Statistical analysis
Categorical variables are reported as absolute and relative frequencies, n (%). They were compared using the χ2 test or Fisher’s exact test as appropriate. The continuous variables are reported as mean ± standard deviation (SD) and were compared using Student’s t-test. Recurrence-free survival was estimated with the Kaplan–Meier method. All P-values are two-sided, and a P-value of <0.05 was considered statistically significant. All statistical analyses were performed using SPSS version 29.0 (IBM SPSS Statistics).
Results
Patient characteristics
A total of 205 consecutive patients with PAF and persAF received CB-based PVI using either the POLARx CB (n = 103) or the AF-CB4 (n = 102).
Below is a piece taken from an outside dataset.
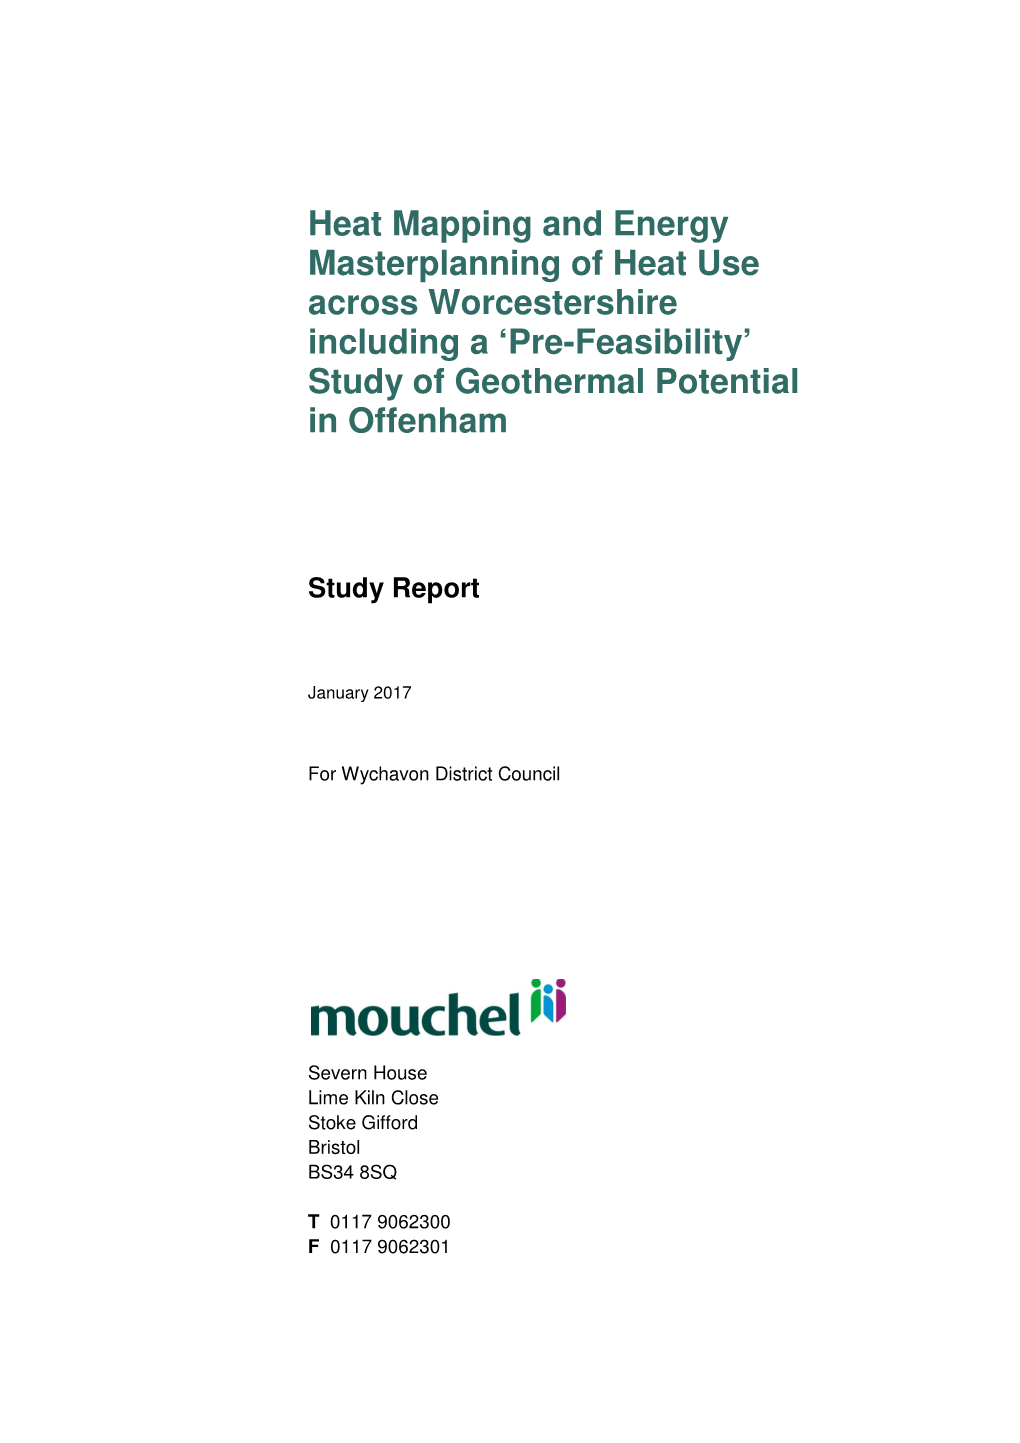 Heat Mapping and Energy Masterplanning of Heat Use Across Worcestershire Including a ‘Pre-Feasibility’ Study of Geothermal Potential in Offenham

The baseline characteristics of these patients are shown in Table 1.
Table 1.
Patients’ baseline characteristics
| Variable | POLARx | AF-CB4 | P-value | |
|---|---|---|---|---|
| Patients, n | 103 | 102 | ||
| Age, years | 68.7 ± 10.2 | 65.7 ± 12 | 0.0551 | |
| Female gender, n | 47 (46) | 39 (38) | 0.3227 | |
| Paroxysmal AF, n | 53 (51) | 42 (41) | 0.1620 | |
| LA size, mL/m2 | 32.9 ± 11.4 | 31.7 ± 9.8 | 0.4201 | |
| Systolic HF, n | 11 (11) | 15 (15) | 0.4093 | |
| Arterial hypertension, n | 76 (74) | 71 (70) | 0.5378 | |
| Diabetes mellitus type II, n | 12 (12) | 11 (11) | 1 | |
| Coronary artery disease, n | 29 (28) | 27 (26) | 0.8757 | |
| 0 | 9 (9) | 10 (10) | 0.827 | |
| 1 | 21 (20) | 17 (17) | 0.439 | |
| 2 | 32 (31) | 19 (19) | 0.300 | |
| CHA2DS2-VASc score | 3 | 29 (28) | 27 (26) | 0.787 |
| 4 | 5 (5) | 16 (16) | 0.106 | |
| 5 | 6 (6) | 9 (9) | 0.410 | |
| ≥6 | 1 (1) | 4 (4) | 0.171 | |
Values are counts (n), n (%), or mean ± standard deviation.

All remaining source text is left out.